Link to original article

Welcome to The Nonlinear Library, where we use Text-to-Speech software to convert the best writing from the Rationalist and EA communities into audio. This is: Why does generalization work?, published by Martín Soto on February 21, 2024 on LessWrong.
Just an interesting philosophical argument
I. Physics
Why can an ML model learn from part of a distribution or data set, and generalize to the rest of it? Why can I learn some useful heuristics or principles in a particular context, and later apply them in other areas of my life?
The answer is obvious: because there are some underlying regularities between the parts I train on and the ones I test on. In the ML example, generalization won't work when approximating a function which is a completely random jumble of points.

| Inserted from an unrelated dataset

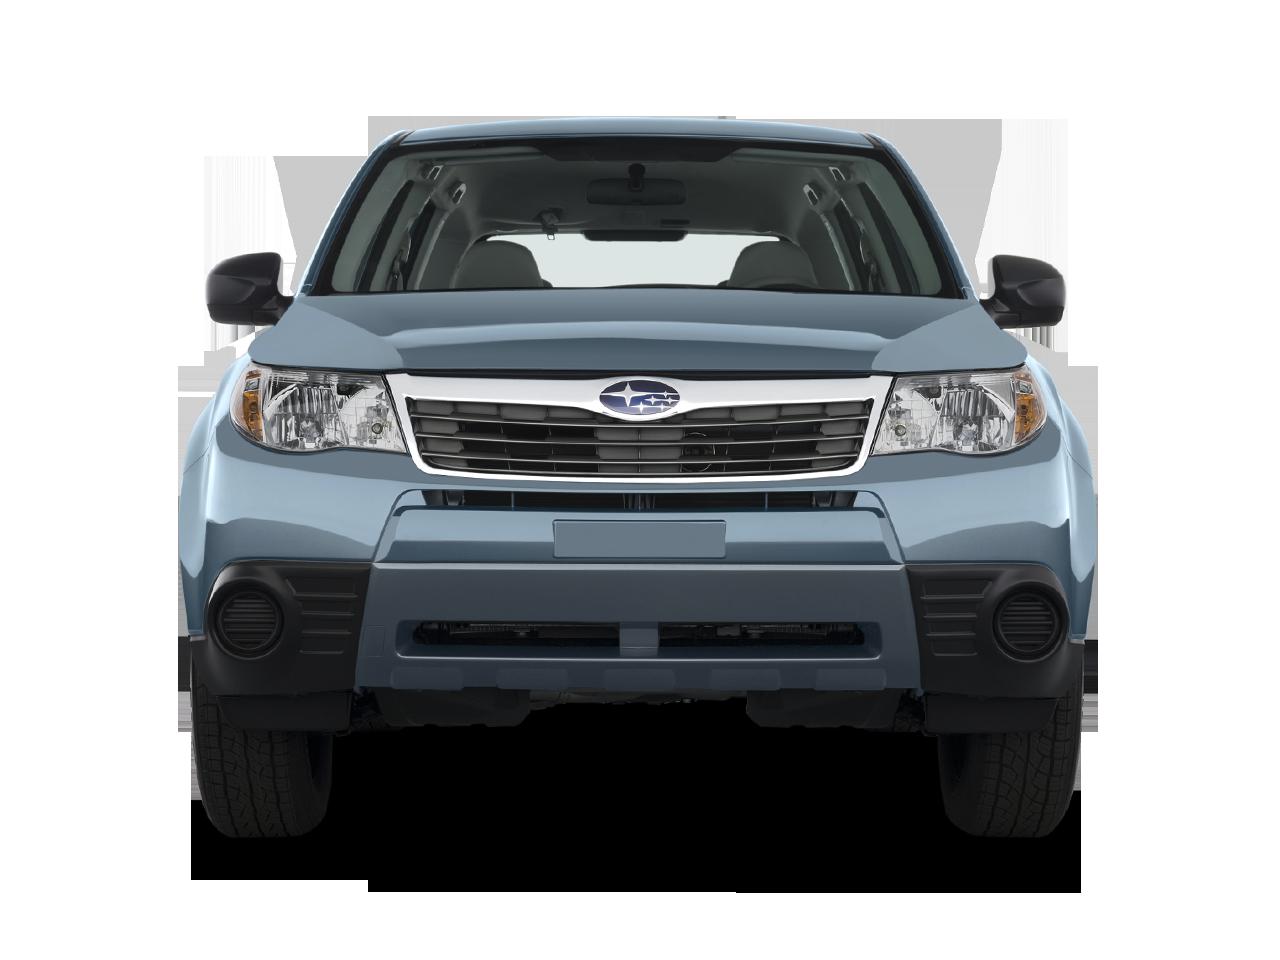 Subaru Forester Review 2015 >> 2009 Subaru Forester 2.5XT Limited - Subaru Compact SUV Review - Automobile Magazine

Also, quantitatively, the more regular the function is, the better generalization will work. For example, polynomials of lower degree require less data points to pin down. Same goes for periodic functions. Also, a function with lower Lipschitz constant will allow for better bounding of the values in un-observed points.
So it must be that the variables we track (the ones we try to predict or control, either with data science or our actions), are given by disproportionately regular functions (relative to random ones). In this paper by Tegmark, the authors argue exactly that most macroscopic variables of interest have Hamiltonians of low polynomial degree.
And that this happens because of some underlying principles of low-level physics, like locality, symmetry, or the hierarchical composition of physical processes.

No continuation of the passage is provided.